A Comparative Evaluation of TiO2 Suspension Coating Techniques: A Novel Technique to Achieve Optimal Thickness and Uniformity of Photocatalytic Film
The most important parameters affecting the efficiency of catalysts for the oxidation of the surrounding materials are considered to be the thickness and uniformity of the catalyst layer. The present method for the determination of thickness used in most studies is the analysis of cross-sectional pictures from SEM imaging. This method, however, has several restrictions. This study proposes a feasible and simple method for evaluating the optimal thickness and uniformity using UVA light transmitted through the samples. Three techniques for catalyst deposition have been investigated in this study using UVA light transmitted through the samples and by measuring the photocatalytic activity. These methods include lowering, dip coating, and spraying, which showed coefficients of variation for the coated catalyst weight of 28.4%, 13.6%, and 3.24%, respectively. The samples from the lowering, dip coating, and spraying techniques showed UVA transmissions of 95.02%, 68.8%, and 15.6%, respectively. The spraying technique displayed the lowest values for both. The estimated removal efficiencies (%RE/mgcm−2) for lowering, dip coating, and spraying were 18.42, 16.84, and 24.15, respectively. Using these analyses it was determined that the spraying technique yielded the best photocatalytic oxidation performance of the three techniques studied.
Photocatalysts are a group of nanoscale semiconductor materials that are able to generate free radicals after being stimulated by photons of light at certain wavelengths . The free radicals that are generated cause the photocatalytic oxidation of surrounding materials [2, 3]. A variety of materials possess this capability including TiO2, ZnO2, ZrO2, NiO2, Fe2O3, and hybrid catalysts [3, 4]. Of these materials, TiO2 has been widely used due to its lower cost and toxicity as well as its higher accessibility [2, 4, 5].
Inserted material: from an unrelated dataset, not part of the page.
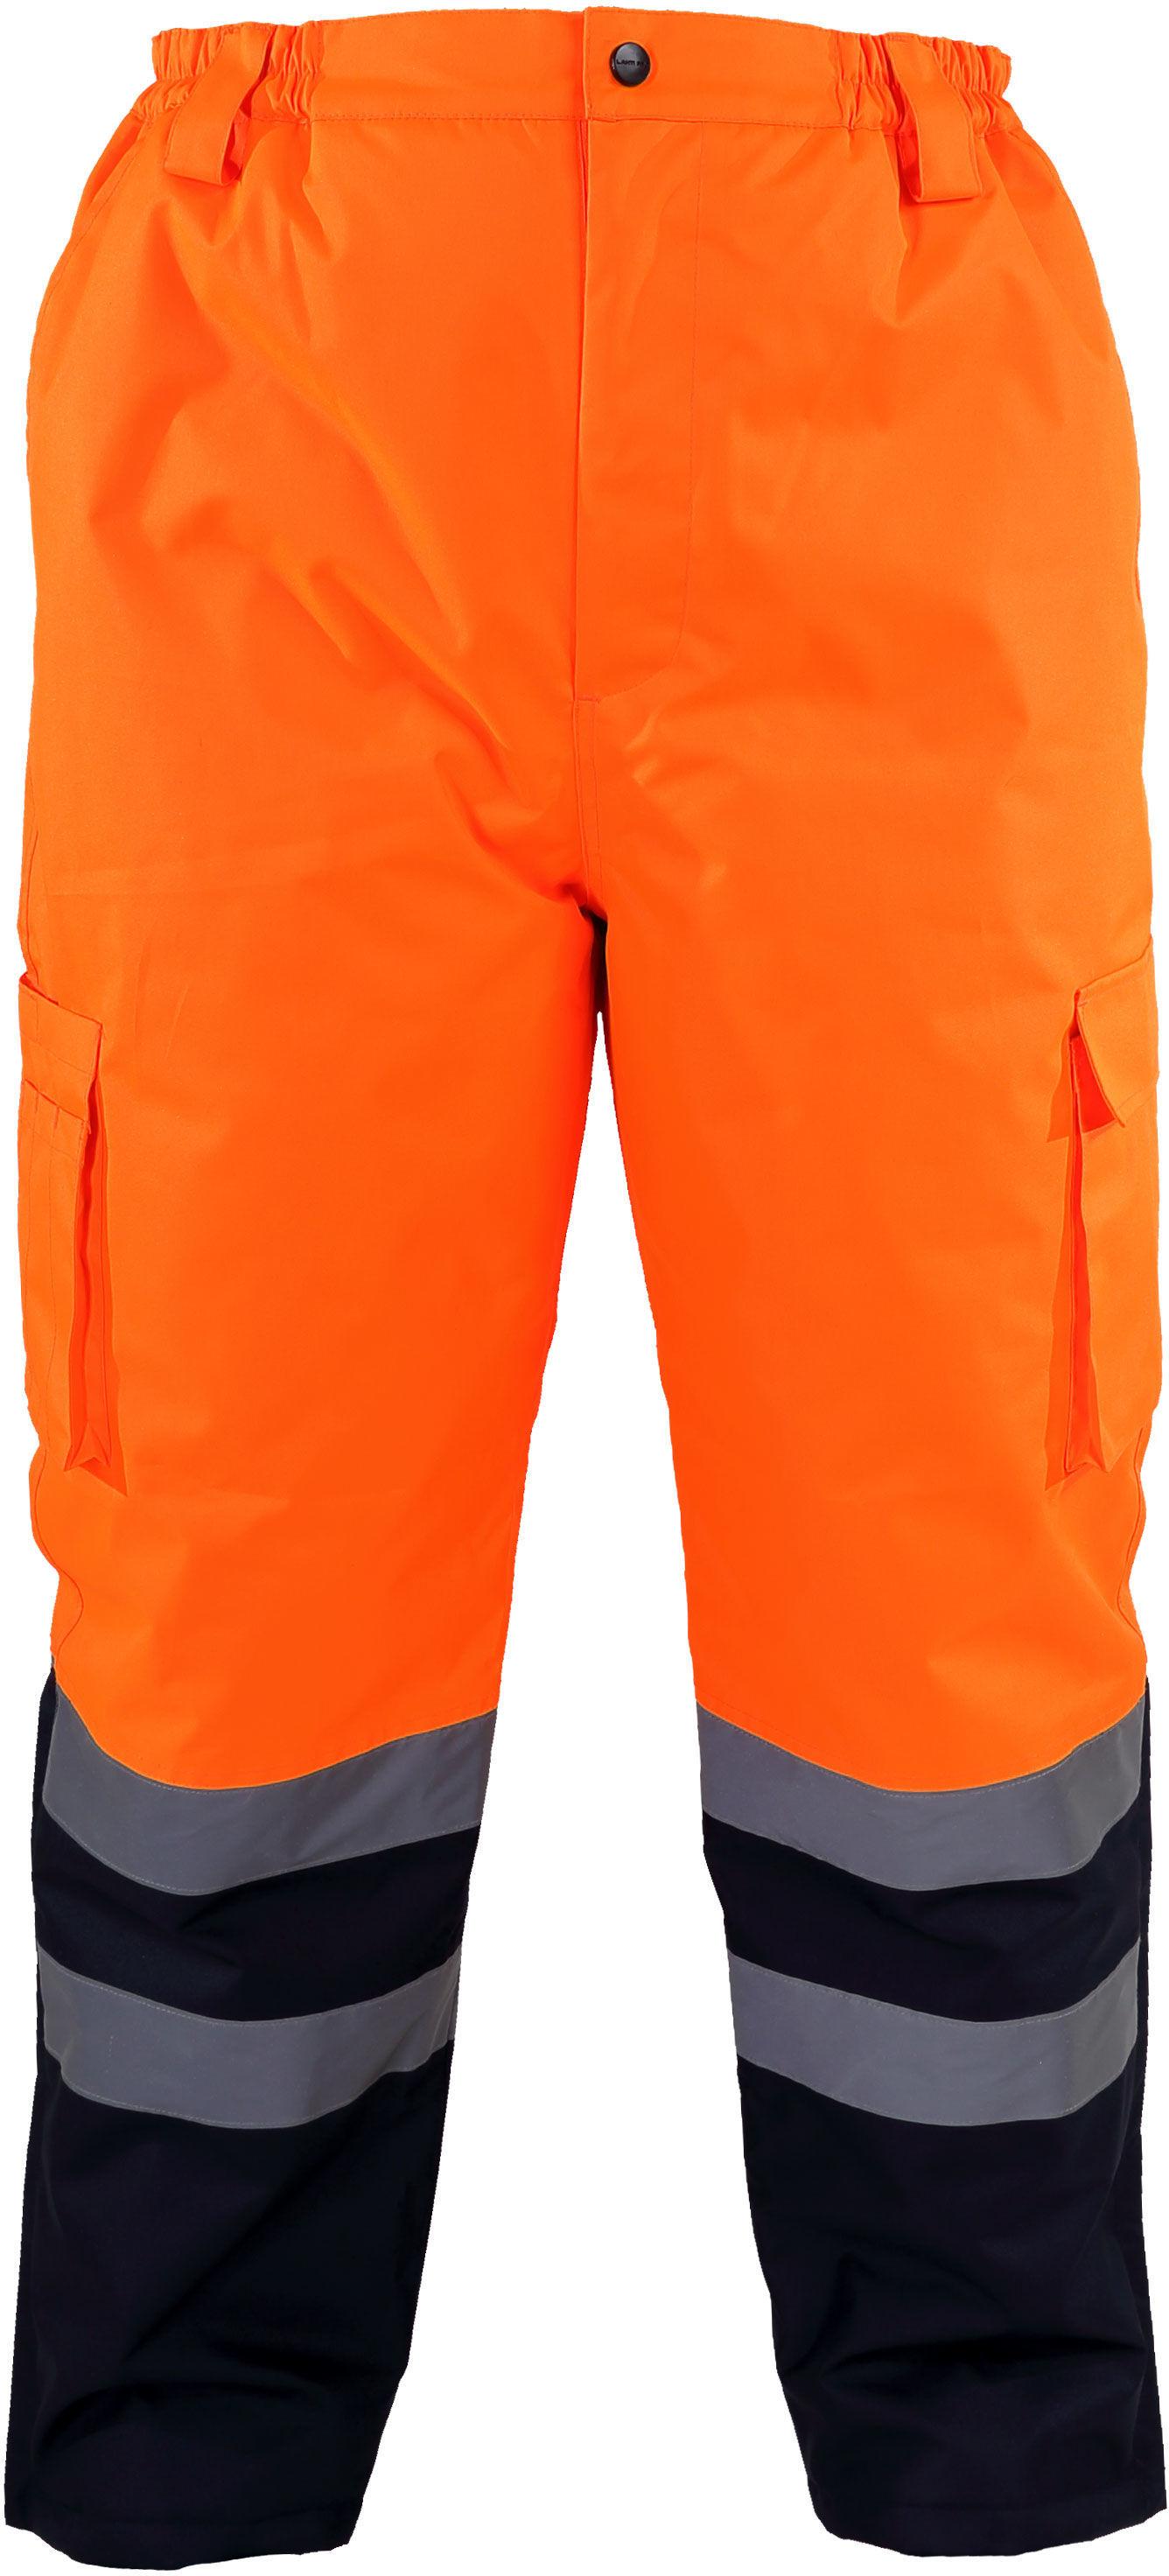 """Spodnie ostrzegawcze ociep., pomarańczowe, """"s"""", ce, lahti"""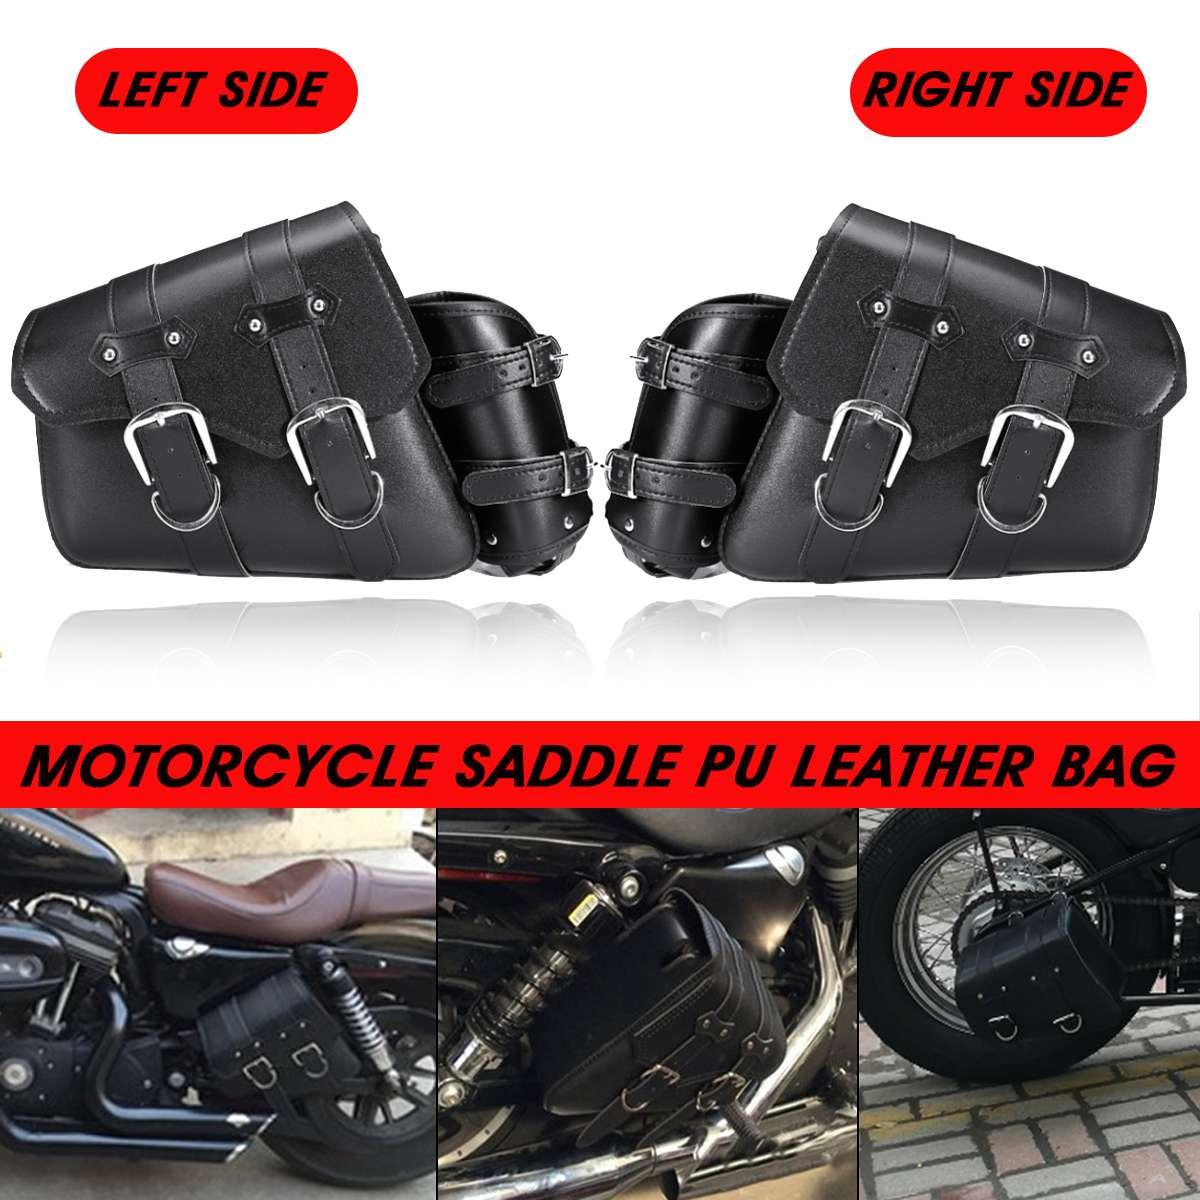 Universal PU Leather Motorcycle Saddle Bag Moto Bike Luggage Storage Saddlebags For Harley/Honda/Yamaha/Suzuki

When evaluating the photocatalytic performance of materials in removing compounds in the gas phase, it is necessary for the catalysts to be coated on a fixed [6–8] or mobilised bed [9, 10]. Researchers have applied different techniques for coating the surfaces [1, 11]. One of the simplest methods of coating uses a suspension that includes a prepared photocatalyst .
Three different techniques that have been used for this coating method include dip coating and pulling up the substrate at a constant speed (dip coating) , dip coating and evaporation of the solvent containing the photocatalyst (lowering) , and the technique of spraying the photocatalyst onto the surface (spraying) [13, 14].
The essential factor in order for these materials to show photocatalytic activity is the potential for all of the photocatalyst molecules to receive light irradiation with an appropriate wavelength. It is important, therefore, to determine the optimal thickness of the film that ensures the penetration of UV light throughout the entire depth of the photocatalyst layer.
In the evaluation of the activity of a photocatalyst such as TiO2, the performance is usually reported in terms of the removal efficiency per milligram of catalyst in a given area. If the irradiated light penetrates only some parts of the coated layer of a photocatalyst, then only a small portion of the photocatalyst will be active.
If a photocatalyst’s performance is measured in terms of removal efficiency per milligram of catalyst per square centimetre of area that is receiving the light (%RE/mg−1cm−2), the performance will be underestimated. Xianyu et al. have confirmed the influence of thickness on TiO2 photocatalyst performance and have shown that a thin layer of TiO2 film with a thickness of 670 nm has a photocatalytic activity only 3.7 times that of films with a 70 nm thickness . In another study conducted by Akhavan, the influence of thickness from 10 to 50 nm on TiO2 antimicrobial performance was investigated, and the optimum thickness of the TiO2 coating was 10 nm . Chang et al. has studied the influence of thickness and roughness of doped TiO2 films on ZnO2 and found that increasing the thickness of the film from 30 nm to 950 nm increased the roughness .
In the study of Bessergenev et al., the large range of the coating film thickness (30 to 2000 nm) illustrates the importance of the thickness and uniformity of the sample to be evaluated as well as its effect on the measured photocatalytic activity .
Another feature that can have an effect on the photocatalytic activity is the uniformity of the coating layer on the film. As the uniformity of the coating layer increases, the average catalyst per square centimetre area will be closer to the true value. In the case of complete uniformity of the coating layer, these two values will be equal.
A review of the literature on this subject reveals that different techniques have been used to determine the photocatalyst layer thickness.
In the study conducted by Bessergenev et al, the coating film thickness has been measured by weight .
In several studies, Scanning Electron Microscopy (SEM) has been used to examine the thickness of the layer [6, 15, 18–20]. In a study performed by de Groot and de Lega , a white-light scanning interferometer was applied to evaluate the surface profile of transparent layers. Comparing the results of this technique with those using Atomic Force Microscopy (AFM), de Groot found this method to be very effective. The white-light scanning interferometer method is a precise optical method that is able to scan surface topography. In a study by Blount, the photocatalyst layer thickness was evaluated using the weight of the coating .
Despite the extensive research and presentation of these techniques in assessing and describing the coating layer thickness, it seems that a professional apparatus is needed. It is also important to note that the evaluation of the layer thickness and uniformity is impossible using previously reported methods.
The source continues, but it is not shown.